All adjustments to the data have to apply to the lowest level of granularity. That means, myriad data that might arrive at the Finance & Risk department, to which various adjustments are made for regulatory purposes, must reach the front office seamlessly so that trader know what impact a trade will have on the market and regulatory risk of the firm.
This can lead to what Hefer refers to as executing or trading based in line with return on risk-weighted assets (RoRWA): “That’s something that few firms can do. It allows you to look at things from a net profit rather than gross profit perspective – with your risk position concurrently considered.”
“By accessing different sources of data on the same client it drives better decision making. But you have to make sure that the information on that client is accurate – which is where the ETL technology comes into play,” says van Rooyen, who illustrates the point by adding: “One prime broker we spoke to had a client for whom they wanted to increase their trading costs or get them to reduce their risk-weighted assets in order to meet the benchmark profitability rate. However, the broker didn’t have a view of the FX business where that same client was actually highly profitable for the bank. They didn’t have a complete view of the client, which we were able to achieve for them.”

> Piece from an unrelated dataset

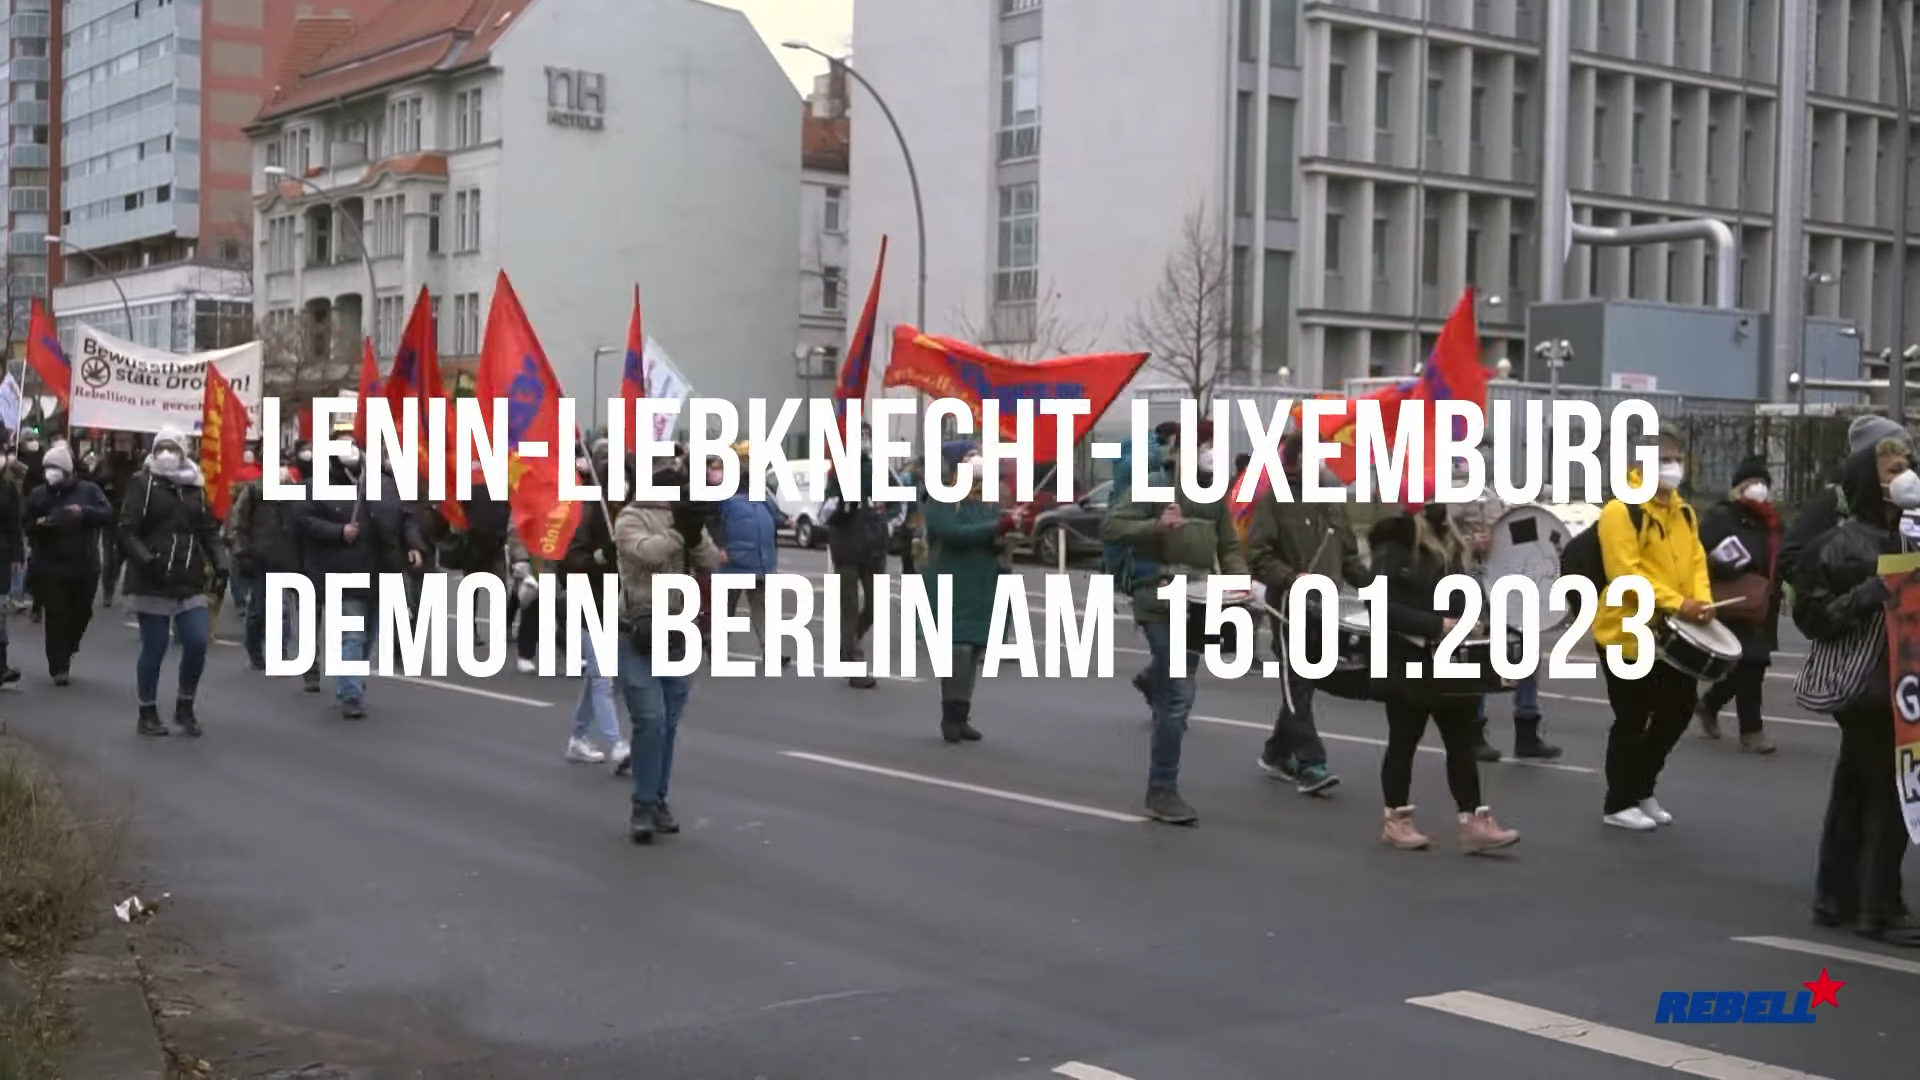 Video: Lenin-Liebknecht-Luxemburg-Aktivitäten am 14./15.1.2023 – Seid dabei!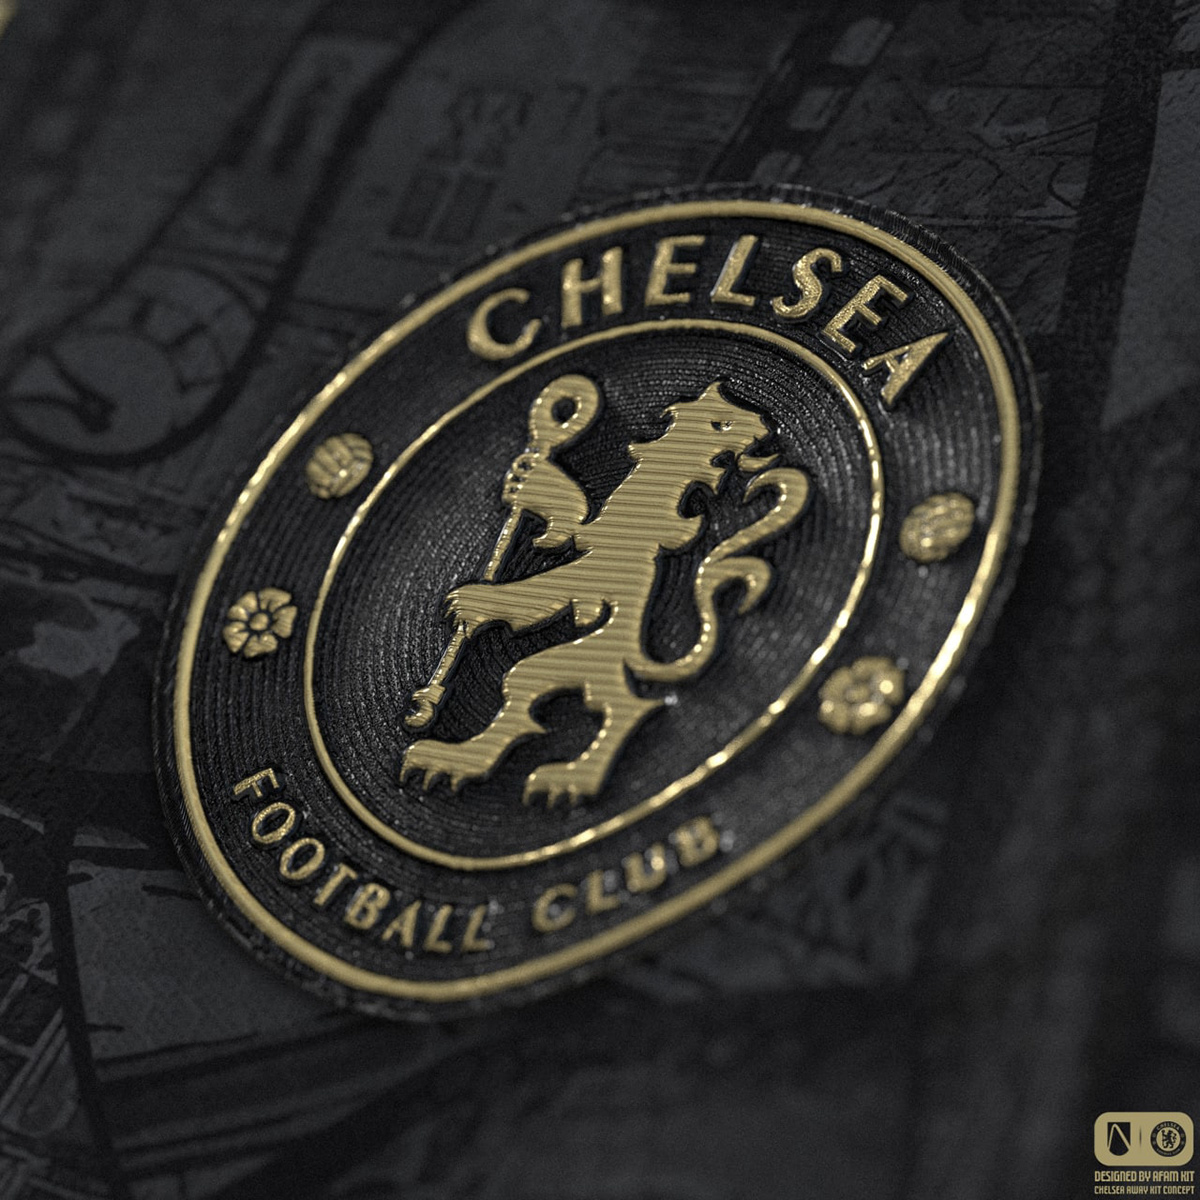 afam afamkit Chelsea chelseafc London Premier League

This is where the Rubik’s Cube analogy comes into effect. By re-aligning the data infrastructure and getting the right building blocks in the right place, financial institutions have the ability to transform and challenge their data infrastructure to become bigger, better, faster, and drive meaningful results across the firm.
Indeed, when Pomerol Partners refers to the third part of the reactive iteration phase as “challenge the infrastructure”, what is meant here is that the front office does not throw their business logic and data over the IT fence but regains, and then retains, ownership of both. That is why having key business personnel championing the dashboards is vital.
“This is another fundamental step which the front office needs to take towards the data age. An organisation’s IT strategy, including the choice, evaluation and adoption of new technologies, should be challenged from a business perspective. It is also a cultural shift which will enable trading desks to operate more like technology start-ups than slow adopters of progress and change,” opines van Rooyen.
As Hefer concludes: “Our white paper attempts to show firms how to fix their technology. To achieve the transformation in their infrastructure so that they can make proactive decisions rather than being reactive. We have the ability to align a firm’s technologies. We want to show how to take a current liability and turn it into an asset that can deliver a competitive commercial advantage.”
To read Pomerol Partners’ white paper in full, please click here
Embedding dashboards into a prime broker’s CRM application
One of Pomerol Partners’ prime brokerage clients embedded financial dashboards into their client relationship management application, which enables their reps to access the dashboards via their mobile devices. In this particular example, the client rep was called in to discuss a reduction in the Euro pricing for one of the client’s flagship funds. Using the dashboard they calculated the yearly P&L impact of a 2.5 bps discount on a 3 per cent increasing balance.
Additionally, the dashboard highlighted that the bank had a more favourable margin on Dollar based funding. They instantly granted the discount on the premise that the hedge fund would increase their Dollar balances by USD275m on their North American value fund – allowing the prime broker to term the funding. The increased Dollar balances more than offset the initial Euro discount – resulting in a saving for the client, more P&L for the prime broker with the only loser being the prime broker’s competitors for the Dollar balances.
The dashboards enabled the rep to do this all whilst on-site at the client – something that would normally take at least a few hours to turn around.